Another Postcard Chapter 2
Professor Snape set his pewter goblet down with a bang at breakfast one morning. Several bowls and trays clanged as their balance was upset on the teachers table. Professor Flitwick’s small mug of coffee tipped over, but he flicked his wand quickly and it was cleared before anyone was scalded.
“Severus,” Flitwick squeaked. “Whatever is the-,” his voice trailed off as he saw the postcard sitting in front of Snape. A postcard with a picture of a chimpanzee in a tuxedo and spats grinned up at him. The little wizard began chuckling.
“I fail to see the entertainment value in this,” said Snape, his jaw clenched.
“I don’t,” said Professor McGonagall, who Snape hadn’t realized was standing behind him. “It certainly has managed to get a rise out of you.”
Snape ate the remainder of his breakfast, ignoring the postcard on the table in front of him. He rose quickly and pocketed the card when he was done.
Several students jumped out of his way as he stormed down the halls, his cape billowing, as he made his way to the dungeons. The frown on his face was enough to even get Professor Trelawney to take a step back, although she threw him a nasty look as he strode past.
When he got to his laboratory he looked at his shelf of reference books. He didn’t even know where to begin. The only writing on it was his name.
Snape started with a Potion of Intention. When sprayed on the writing it glowed faintly yellow. Nothing malicious was intended and humor was involved. This verified it was a practical joke and he relaxed quite a bit.

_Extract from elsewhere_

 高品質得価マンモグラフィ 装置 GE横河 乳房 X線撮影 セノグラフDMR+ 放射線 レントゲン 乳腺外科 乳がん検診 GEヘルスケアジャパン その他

For a moment he considered ceasing with the testing and trying to guess who the student was. Perhaps he could get a betting pool going with Flitwick. At least it was one bet he had a chance at. McGonagall would be getting galleons from him over Quidditch games for the rest of his career.
He sprayed a Sexing Potion of the postcard. It glowed red. Female.
An Aging Potion. Between 15 and 30 years of age. That didn’t help much.
Snape sighed and opened his drawer. There were twelve postcards now.
Snape sat back in his chair and looked at the inside of his office.
Bare stone walls decorated only with bookshelves and potions ingredients surrounded him. A threadbare black rug stretched between the worn desk and the black leather chairs before it. It could use a cleaning, truth be told.
There were no windows and the hearth lay bare, the room usually heated by a cauldron bubbling in a corner when he was present.
A bit of color wouldn’t kill him. Snape reasoned. Perhaps it was even a little satisfying to have a student think of him enough to send him something pleasant after they left.
After the Weasley twins had left and the search of mail was stopped he had received a package that he still shuddered about when he thought of it. He had never been able to peg it on them, but he had been hexed to hear a horrible repetitive song about a Muggle with a peculiar wife in his head for the better part of 2 hours.
With a few flicks of his wand and some rearranging he found himself with a decent amount of wall space. He retrieved the postcards and spelled them with a temporary sticking spell before he arranged them on the wall in their order of arrival.
There was a tap on his door as he was examining his handiwork.
“Come,” Snape said.
“Severus I believe there’s the matter of-,” Professor McGonagall’s voice trailed off as he turned around.
“Yes,” Snape frowned. He knew she was here to get a Galleon he owed her from the last Quidditch game. For someone who didn’t believe in Divination she seemed to have an uncanny way of choosing winning teams.
“Are those all the postcards you’ve gotten?” McGonagall asked, looking past him.
“Oh,” Snape said, turning around so she could see past him. “Yes. They were… taking up too much room in my desk.”
“I see,” said Professor McGonagall, smiling at him as he sniffed imperiously. “Well, there’s the matter of a Galleon.”
Snape quickly paid her off and shooed her out of his office before she could continue looking at him like that. It was unnerving.